Japan’s FAST Project Office proudly announces the launch of the FAST (Fusion by Advanced Superconducting Tokamak) project, which aims to achieve fusion-based power generation by the end of the 2030s.
FAST aims to generate and sustain a plasma of deuterium-tritium (D-T) reactions, demonstrating an integrated fusion energy system that combines energy conversion including electricity generation and fuel technologies. The project will employ a tokamak configuration, chosen for its well-established data and scalability. FAST will address remaining technical challenges enroute to commercial fusion power plants. It brings together top researchers from prominent institutions, along with industrial and international partners from Japan, the UK, the US, and Canada.
Key institutions involved include University of Tokyo, Tohoku University, Institute of Science (Tokyo), Nagoya University, Kyoto University, Kyushu University, Kyoto Fusioneering Ltd, Tokamak Energy (UK), Princeton Plasma Physics Laboratory (US), General Atomics, Canadian Nuclear Laboratories and Fusion Fuel Cycles (Canada).
Moving forward, a conceptual design team will be organised, composed of plasma researchers and power plant engineering researchers. The preliminary design is expected to be completed in 2025. A thorough evaluation of the internal and external environment, including technology, funding, regulation and policy, will be conducted at the transition to detailed design, where a decision will be made on the feasibility of execution.
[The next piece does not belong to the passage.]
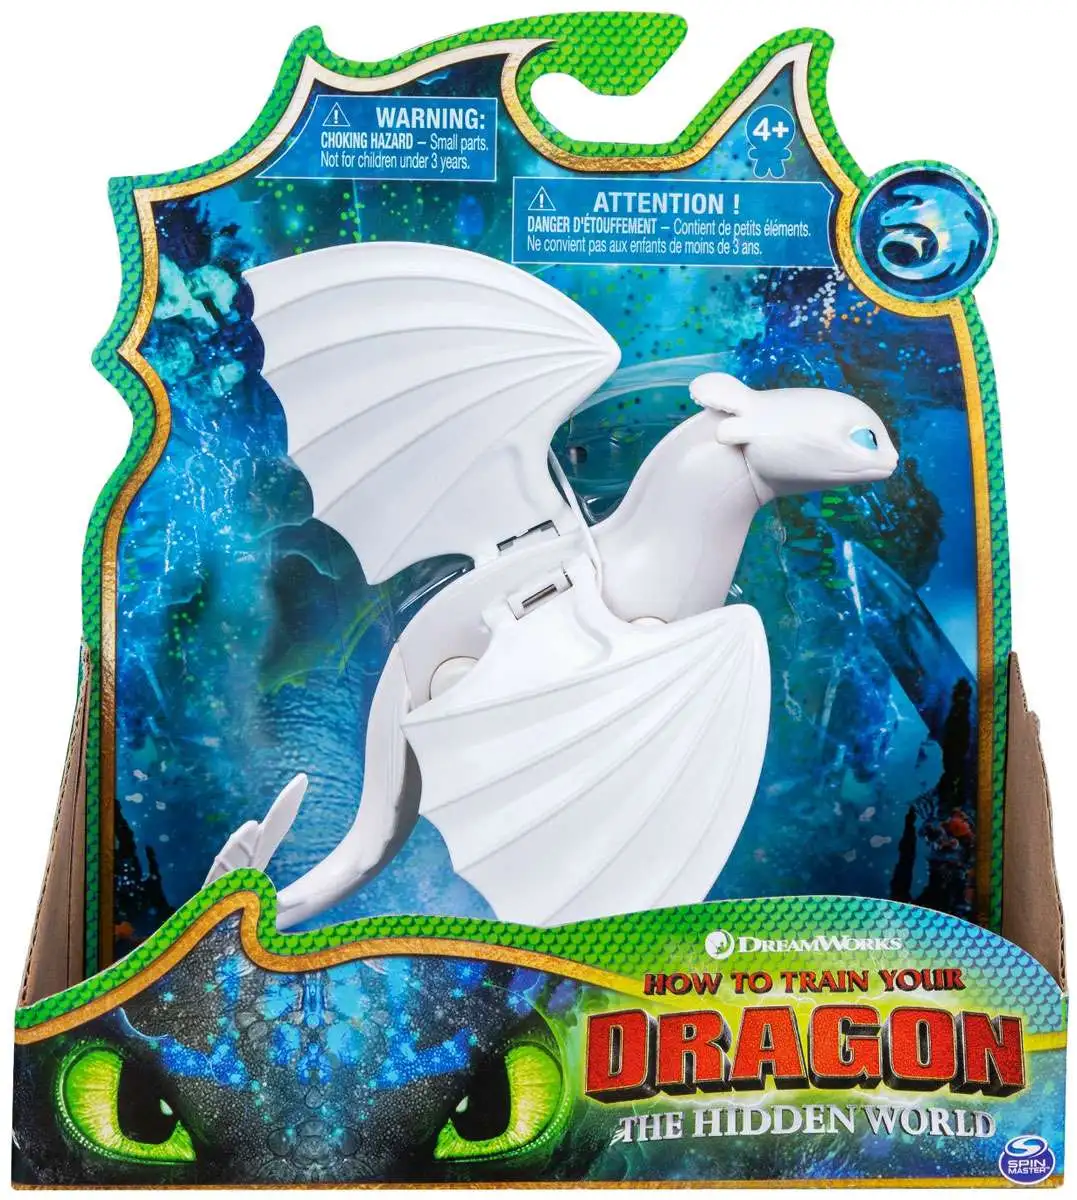 How To Train Your Dragon Hidden World Dragon Lair LightFury

In parallel, led by Kyoto Fusioneering, FAST will accelerate technology development in key systems, engineering design, site selection, and regulatory efforts in collaboration with industrial partners such as Mitsui & Co, Mitsui Fudosan Co, Mitsubishi Corporation, Marubeni Corporation, Fujikura Ltd, KAJIMA Corporation, and Furukawa Electric Co.
While previous or near-term planned fusion experiments have achieved, or will soon achieve, medium-pulse plasma discharges to de-risk the plasma confinement and control for a Fusion Pilot Plant (FFP), critical obstacles remain in harnessing the energy transport for sustained external use, establishing the tritium fuel cycle, including tritium breeding, and integrating these advances into a configuration that represents a commercially viable fusion power plant.
As yet, no experimental device worldwide is capable of creating the necessary fusion environment – the fusion neutron flux and relevant thermal loads – to bridge the gap between current advanced plasma experiments and the desired end goal of practical energy extraction.
FAST aims to fill these gaps by providing a comprehensive and unique platform to develop technologies applicable to practical fusion power plants worldwide, including demonstration devices (DEMO) and FPPs.
FAST is a private-sector-led industry-academia collaboration, developed in cooperation with fusion experts from Japan and abroad. A researcher-led team will be organised to handle design, planning, and operation, advancing the project in collaboration with both domestic and international researchers specialising in plasma physics and fusion reactor engineering.